Insights from Above: Using Earth Observation to Track Commodity Markets

A Q&A with Carlo Robiati

In recent years, the use of satellite imagery and Earth Observation (EO) has changed the way we track and understand the world around us, including the commodity markets. Traditional and outdated methods of tracking the commodity market today can be augmented with satellite data, which offers a more timely and accurate way of monitoring the global supply and demand of various dry bulk commodities. In this interview, DBX’s Earth Observation Specialist, Carlo Robiati, shares how data from space is bringing transparency and efficiency to the commodity industry.


Q: What role does Earth observation play in the commodity markets?

Earth Observation and Remote Sensing play an ever-growing role in monitoring the supply chain of raw materials and goods. From the near real-time tracking of vessels’ voyages around the globe, to acquiring images of terminals and ports daily, the adoption of satellite technology in monitoring the dry bulk commodities is steadily increasing, with a plethora of remote sensing applications developed at the intersection of supply chain analysis, shipping, and market analytics. Having ‘eyes in the sky’ can lead to accurate and timely data which is critical for informed decision making. The benefit is twofold. On the one hand, the commodity supply chain can be tracked objectively. On the other hand, satellite data can shine a light on a notoriously opaque market, enhancing the traceability of dry bulks and making the entire supply chain more transparent.


Q: What can we measure with satellite imagery and what insights does this provide into the demand of dry commodities?

Satellite imagery can be particularly useful for monitoring the different stages of the dry bulk commodities’ journey around the globe. The market analytics industry makes ample use of spaceborne imaging systems, both passive and active (i.e. optical and radar) to collect and analyse high volumes of data. Overhead images taken from the Earth’s orbit essentially let us see and record the distribution of dry bulk stockpiles over time and space, either through their colour or their geometrical properties. This is essential for anticipating supply and demand scenarios. Being able to consistently track the distribution of raw materials in the supply chain gives a clear understanding of the flows, a key parameter to predict and estimate both trades and commodity prices.


Q: Tell us about DBX’s collaboration with the European Space Agency.

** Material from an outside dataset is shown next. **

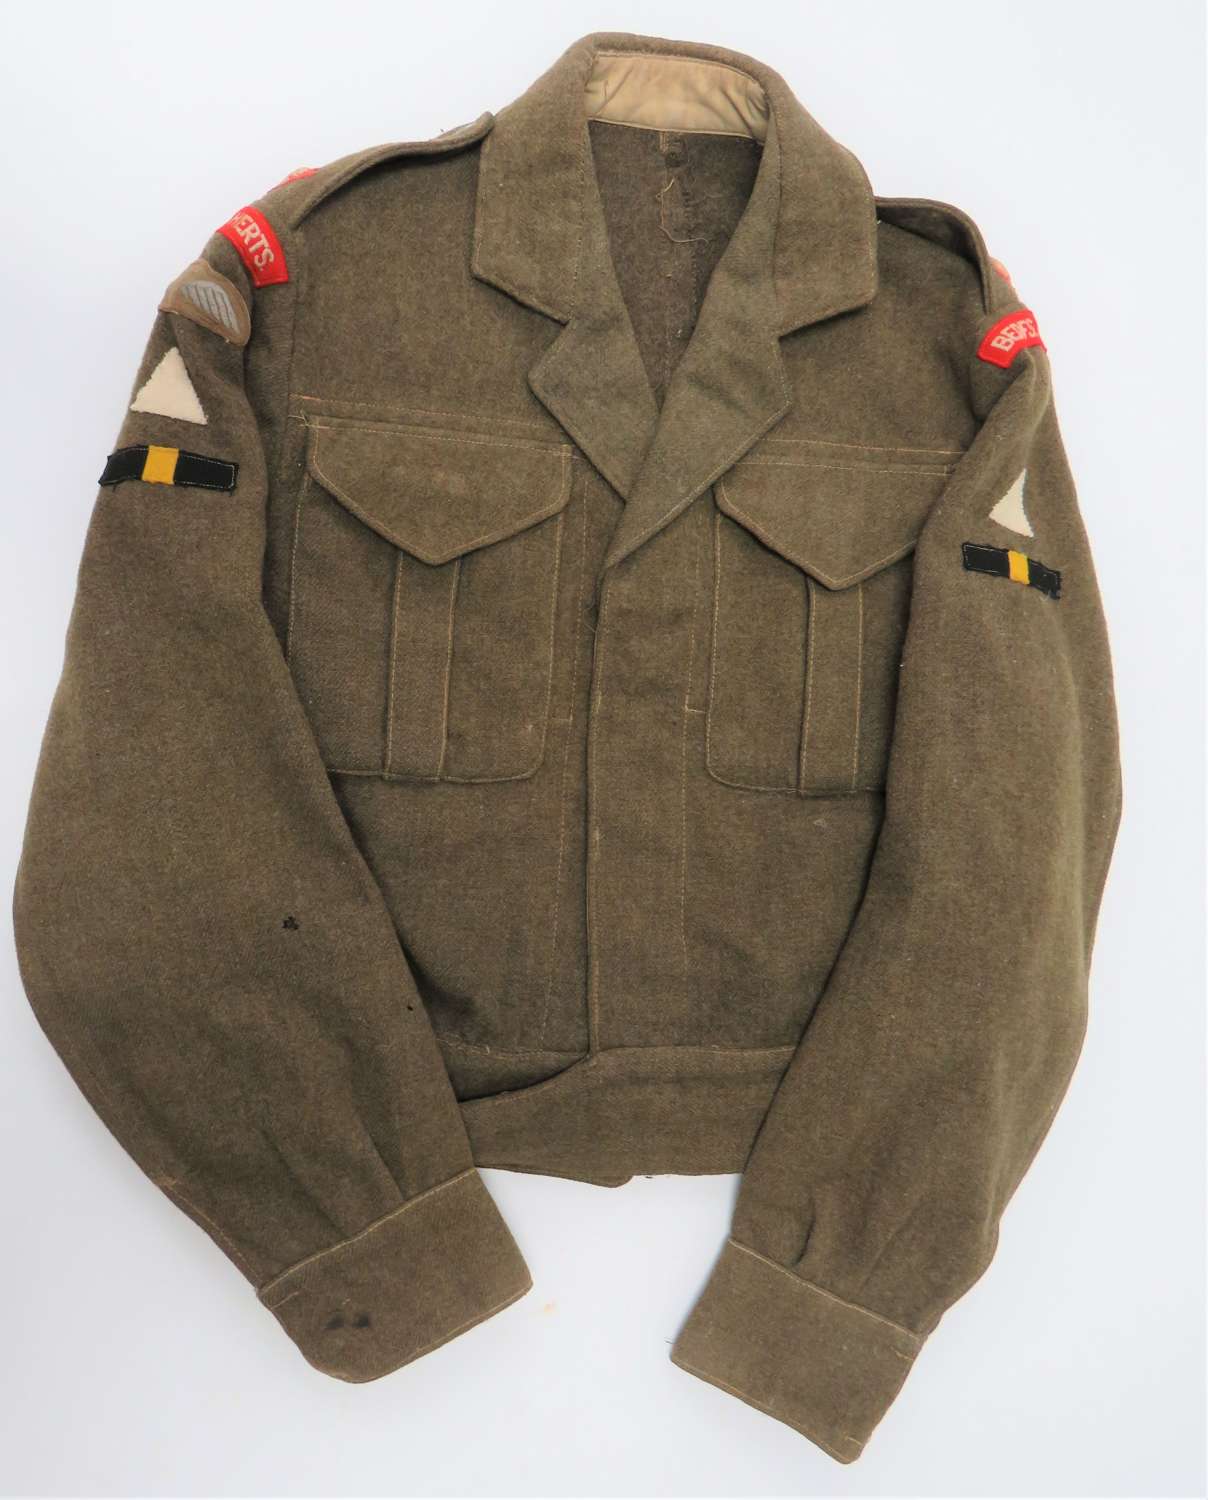 Bedfordshire & Hertfordshire 1st Division Officer Battle Dress Jacket

We are proud to have been awarded the European Space Agency (ESA) Space Solutions and Business Application (BASS) ARTES 4.0 Programme’s grant (via, a project designed to leverage on open access EO data applied to stockpile monitoring, while having access to ESA’s development support network. The implementation of this new module is coming to a conclusion as we prepare to release it to the public in the second quarter of 2023.


Q: How does DBX’s data and insights compare to traditional ground-based observations and methods?

In the dry bulk industry, ground based surveys, self-reporting and traditional auditing methods are predominant. Given the sheer size of the dry bulk supply chain this is not surprising, but it leads to significant delays in reporting the data, both at terminal and country-level. The industry needs transparency and objective and timely reporting to be able to track the market and make data-driven decisions. Having an accurate and up-to-date view of the entire supply chain (i.e., iron ore and coal supply chains), from sourcing (i.e., mines) to transportation (i.e., roads, railways and seaborn routes) to the end users (i.e., power plants and steel mills) can provide a competitive edge to physical suppliers and traders and also to the trade authorities and regulators.

DBX leverages satellite technology to provide a digital twin of the global dry bulk supply chain. We use state of the art remote sensing techniques to obtain the most objective and unbiased results. To validate the accuracy and reliability of EO data, we apply advanced statistical and machine learning models, rely on a deep network of reporters and analysts, and we benchmark our data against specific ground truth datasets.